Der Arpeggione – ein gitarrenähnliches Instrument, das mit Hilfe eines Bogens gespielt wird – ist eine kuriose und seltene Sonderform von Musikinstrumenten des frühen 19. Jahrhunderts. Die spieltechnischen Anforderungen stellen den Interpreten vor einige Herausforderungen; fraglich bleibt, auf welchem der heute gebräuchlichen Instrumente Werke für Arpeggione gespielt werden sollten. Die Sonate für Arpeggione und Klavier in a-Moll D 821 von Franz Schubert (1797–1828) folgte denn auch als zweiter Programmpunkt in der Bearbeitung für Violoncello mit Klavierbegleitung. In den drei Sätzen des Werkes wussten Peter Hörr und Paul Rivinius mit allerhand spieltechnischen Finessen zu überzeugen: Weitgespannte lyrische Bögen, klare und deutliche Ausformulierung der Themen schufen fein differenzierte musikalische Momente. Ein solcher war im Besonderen der 2. Satz (Adagio). Das empfindsame und sehnsuchtsvolle Thema wurde mit warmen und satten Celloklängen ausgekostet, dazu untermalte das Klavier in seiner Begleitfunktion in angemessenem Mezzoforte.

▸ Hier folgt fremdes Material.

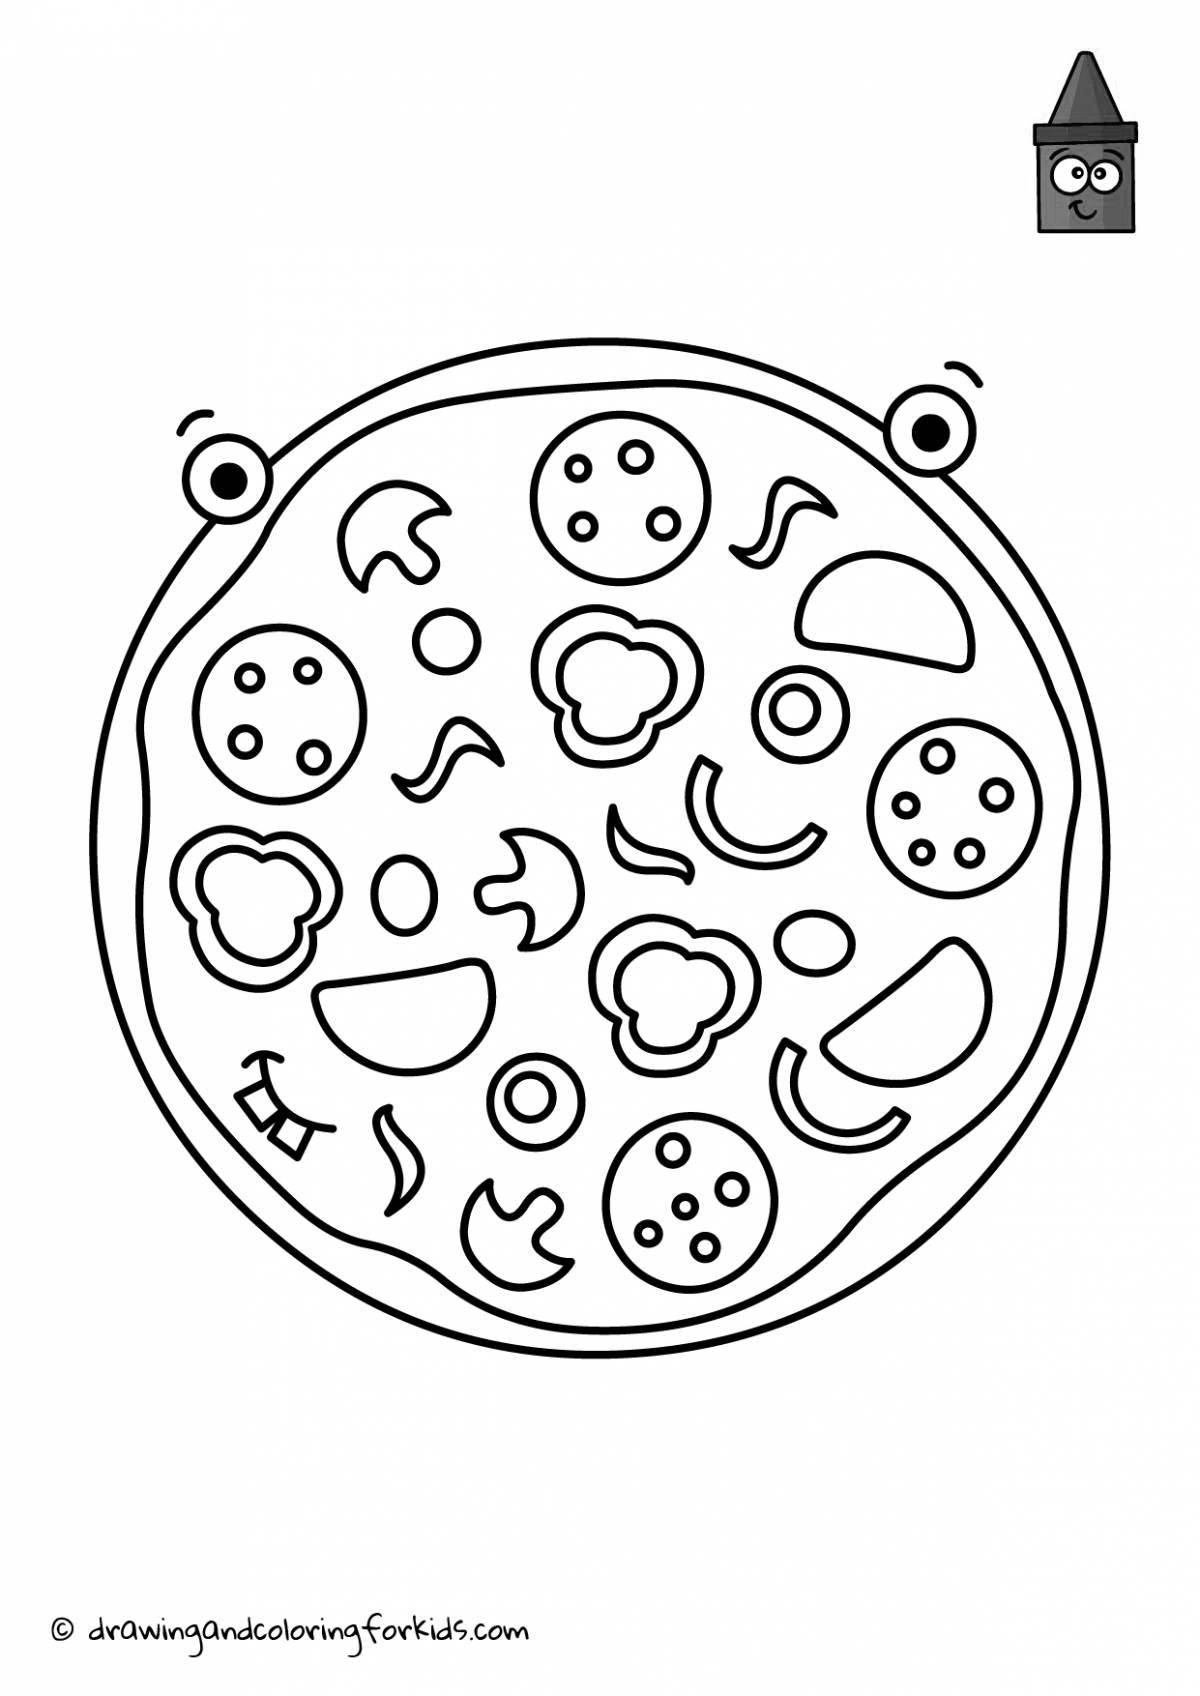 Adorable pizza ingredients coloring page

Mit dem träumerisch-fantasievollen Adagio und Allegro op. 70 für Violoncello und Klavier von Robert Schumann (1810–1856) wurde der zweite Teil des Konzerts eröffnet. Beide Solisten erzeugten ein einheitliches, in sich geschlossenes Klangbild, loteten die Tiefen des Werkes in all seinem Nuancenreichtum aus und stellten wiederholt ihre dynamische Akkuratesse unter Beweis.
Den glanzvoll-ergreifenden Höhepunkt des Konzerts bot aber Dimitri Schostakowitschs (1906–1975) Sonate in d-Moll, op. 40 aus dem Jahr 1934. Im Angesicht der erdrückenden Gewaltdiktatur Stalins wandte sich der Komponist zunehmend von seinem bisherigen Werk ab und zog sich verstärkt in die eigene künstlerische Isolation zurück. Die Sonate in d-Moll gibt somit ein denkwürdiges Zeugnis von innerer Zerrissenheit, Unruhe und grundlegenden existenziellen Fragen eines jungen Künstlers. Beide Solisten konnten hier noch einmal mit ihrer packenden Interpretation überzeugen. Durch engagiert-männliches Spiel meisterten beide dieses Kaleidoskop der Emotionen im rasanten Wechsel von lyrischer Empfindsamkeit und erschütternder Expressivität.
Für den reichen Applaus bedankten sich die Künstler mit der Vocalise von Sergej Rachmaninoff (1873–1943).